Наступает долгая пауза, это привычное ощущение, которое должно успокаивать, но нет.

Мне не нравится эта тишина.

Мне понравилось смеяться.

И говорить. С кем-то, кроме самого себя. Не беседы в голове о том, что мог бы сказать, заговори кто-то со мной в действительности.

Этот парень говорил со мной.

А я отвечал.

— Почему ты наблюдаешь за мной? — задаю я вопрос до того, как струшу.

Он поднимает взгляд на меня, и наши глаза встречаются. Я пытаюсь не обращать внимания на то, как ухает желудок от зрительного контакта.

— А почему ты наблюдаешь за ним?

Задумываюсь над вопросом. Мне хочется ответить, но не могу сказать ему правды. Понимаете, из-за того, что, возможно, прозвучу, как сумасшедший.

Но опять-таки, может, я и есть сумасшедший.

Может, он уже в курсе этого.

— Я наблюдаю за ним, потому что нахожу его пленительным.

Он кивает.

— Но... Могу я задать тебе вопрос?

— Пожалуй.

— Тебя не беспокоит, что он не видит тебя в аналогичном свете?

— Нет.

Мой ответ удивляет его. Брови приподнимаются, а на лбу появляется морщинка.

— Почему нет?

— Потому что во мне нет ничего пленительного.

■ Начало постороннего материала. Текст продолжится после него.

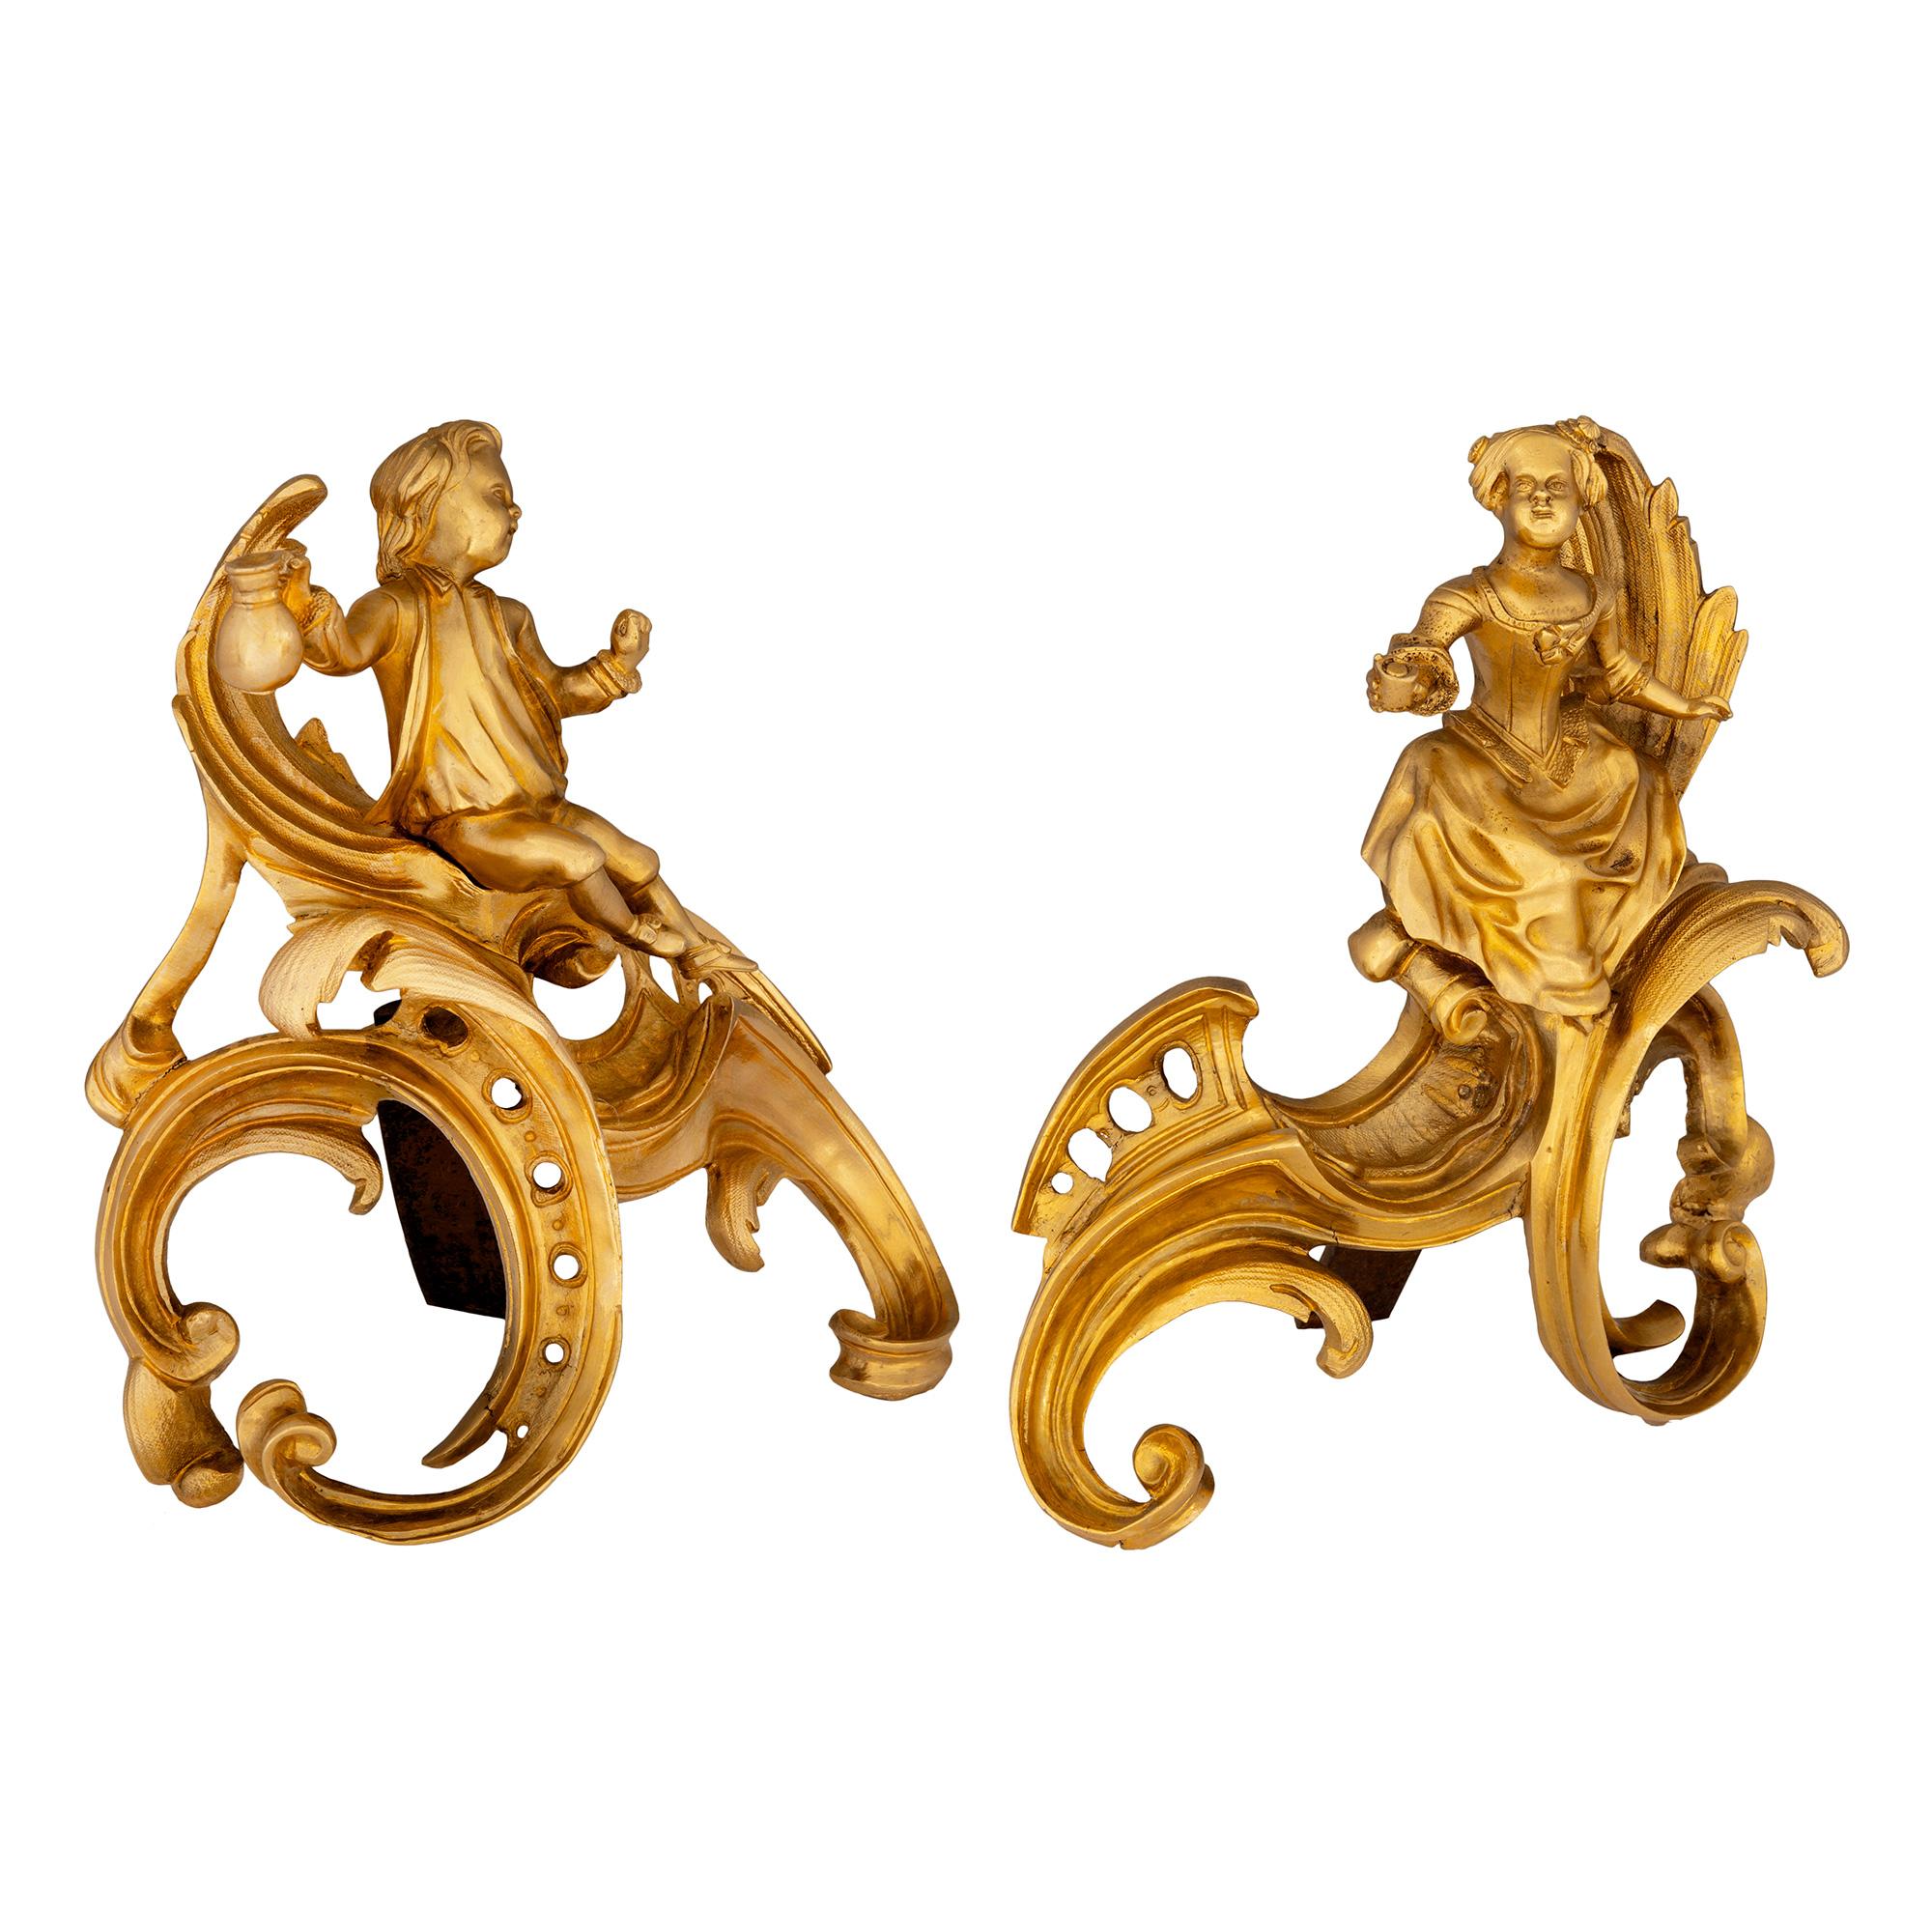 Une belle et exceptionnelle paire de chenets en bronze doré de style Louis XVI du 19ème siècle. Chaque fer à repasser doré au feu est surélevé par des supports à volutes très décoratifs aux motifs percés et tachetés. Au-dessus se trouvent deux

Наступает момент, когда вокруг, кажется, всё останавливается. Музыка и люди замолкают. От эспрессо бара не доносится ни звука. И это лишь усиливает скрежет его стула, когда он полностью разворачивается ко мне. Взгляд смягчается, но весь его вид напряжённый.

— Ты ошибаешься, — говорит он мне с началом следующей песни. Это лишь белый шум на фоне его слов, которые до сих пор ищут дорожку внутрь моего сознания. — В тебе всё завораживает.

Не зная, что ему сказать, я просто сижу, краснея, как девственник за просмотром порно. Практически ожидаю услышать от него что-то, возможно, вопрос о моих мыслях, но он молчит. И от этого мне хочется узнать, что думает он.

И тогда меня осеняет, что никто из мужчин или парней раньше не называл меня завораживающим.

Ни разу.

Никогда.

Но он только что назвал.

Мне не удаётся подавить нахлынувший на меня восторг и... радость.

Да.

Именно так.

Я так рад, что он сказал это. И даже больше, что он так думает.

Но теперь меня беспокоит, почему он так думает.

Но я не успеваю ничего сказать, он перебивает:

— Могу я купить тебе что-то?

— Нет, спасибо, — отнекиваюсь я. — У меня уже есть напиток.

— Нет, ты допил его час назад.

— О, — чёрт. И правда. Он действительно смотрел. — Я могу сам.

— Нет, — улыбается он, краснея, как и я. — Мне хочется, чтобы ты позволил мне.

— Ладно.

— Хорошо.

— Я буду...

— Гранде обезжиренный чай латте, — заканчивает он за меня.

— А ты не шутил, так ведь? — спрашиваю я, слегка опешив.

В голове непроизвольно возникает идея: я прихожу сюда практически каждый день, заказываю один и тот же напиток у одного человека, но он не помнит его.

— Я же тебе сказал, — тихо говорит он. — Ты меня завораживаешь.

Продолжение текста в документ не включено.